Atomically precise metal nanoclusters (NCs) with molecule-like structures are emerging nanomaterials with fascinating chemical and physical properties. Photoluminescence (PL), catalysis, sensing, etc., are some of the most intriguing and promising properties of NCs, making the metal NCs potentially beneficial in different applications. However, long-term instability under ambient conditions is often considered the primary barrier to translational research in the relevant application fields.
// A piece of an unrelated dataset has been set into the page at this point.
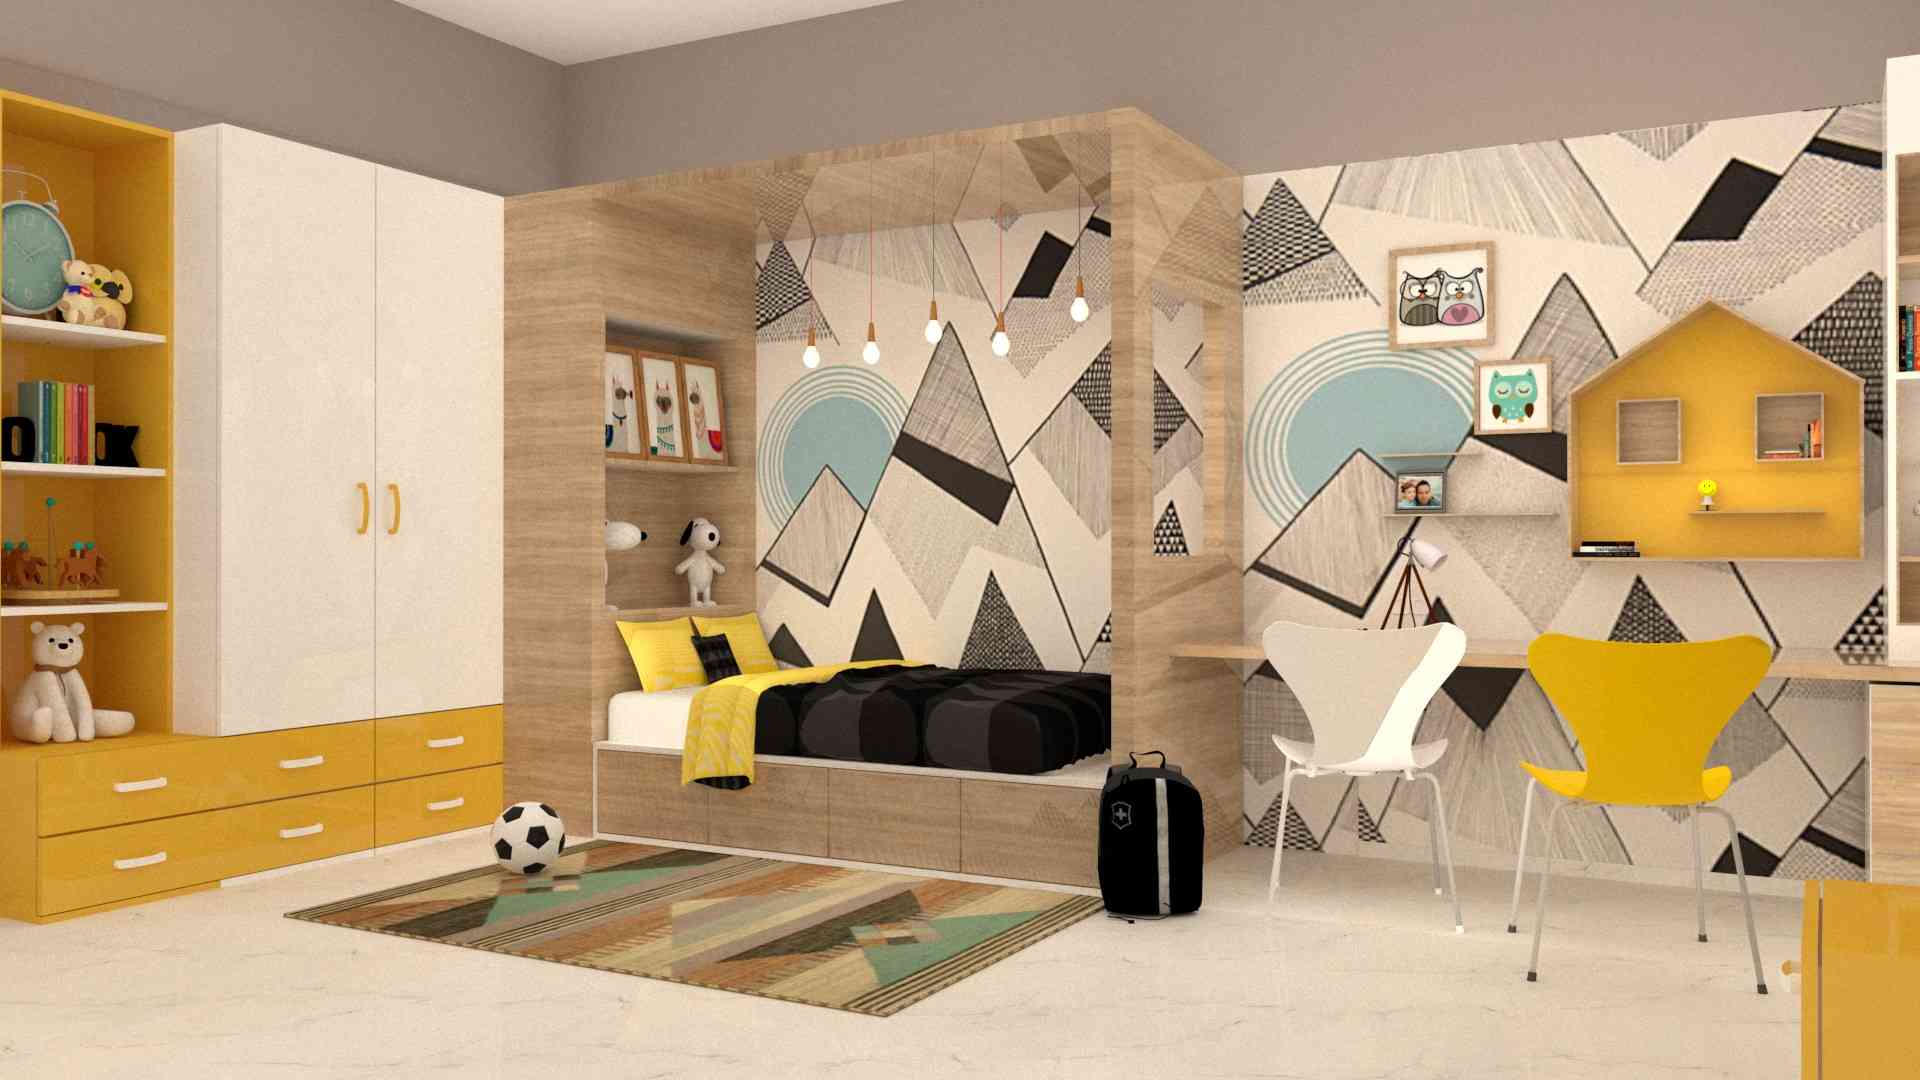 Refreshing Accent Wall Ideas For Kids’ Room

Creating nanohybrids between such atomically precise NCs and other stable nanomaterials (0, 1, 2, or 3D) can help expand their applicability. Many such recently reported nanohybrids have gained promising attention as a new class of materials in the application field, exhibiting better stability and exciting properties of interest. This perspective highlights such nanohybrids and briefly explains their exciting properties. These hybrids are categorized based on the interactions between the NCs and other materials, such as metal-ligand covalent interactions, hydrogen-bonding, host-guest, hydrophobic, and electrostatic interactions during the formation of nanohybrids. This perspective will also capture some of the new possibilities with such nanohybrids.
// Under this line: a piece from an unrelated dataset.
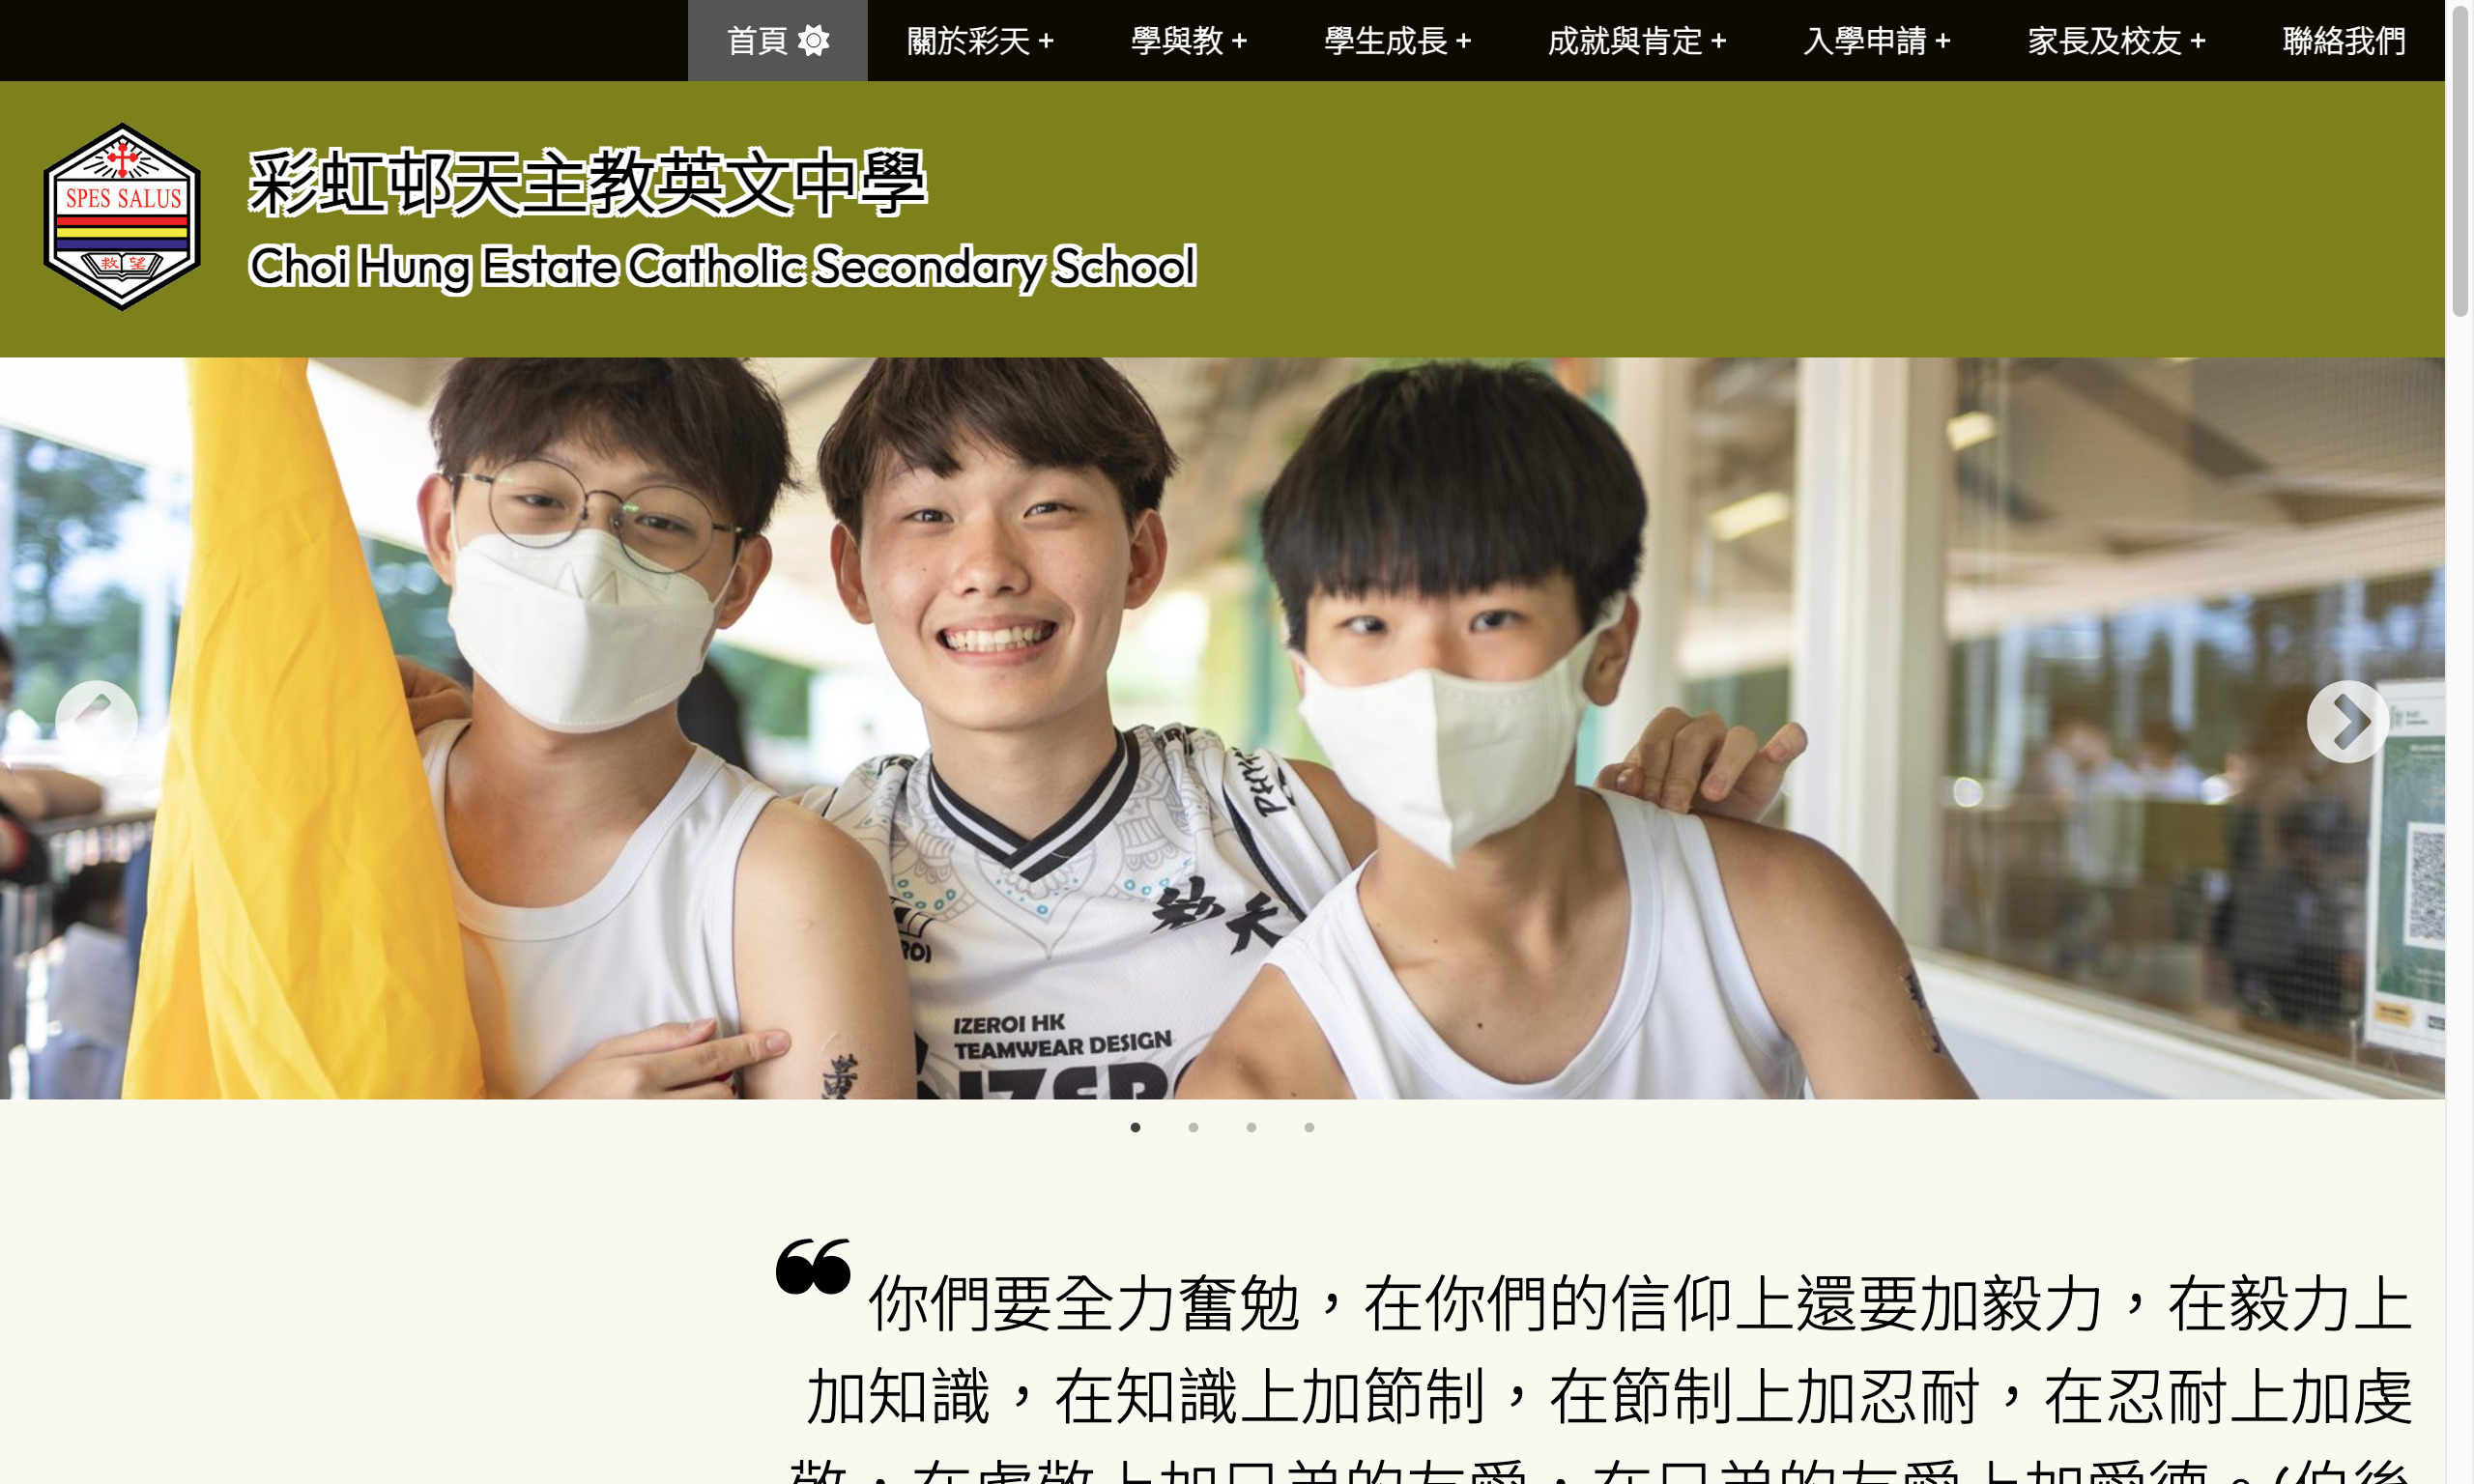 Screenshot of the Home Page of Choi Hung Estate Catholic Secondary School

具有类分子结构的原子精确金属纳米团簇（NC）是新兴的纳米材料，具有令人着迷的化学和物理特性。光致发光（PL）、催化、传感等是NC最有趣和最有前途的特性，使得金属NC在不同的应用中具有潜在的优势。然而，环境条件下的长期不稳定性通常被认为是相关应用领域转化研究的主要障碍。在这种原子级精确的 NC 和其他稳定的纳米材料（0、1、2 或 3D）之间创建纳米混合材料有助于扩展其适用性。许多最近报道的纳米杂化材料作为应用领域的一类新型材料而受到广泛关注，表现出更好的稳定性和令人兴奋的性能。这个观点强调了这种纳米杂化物并简要解释了它们令人兴奋的特性。这些杂化物根据纳米杂化物形成过程中NC与其他材料之间的相互作用进行分类，例如金属-配体共价相互作用、氢键、主客体、疏水性和静电相互作用。这种观点也将捕捉到这种纳米混合体的一些新的可能性。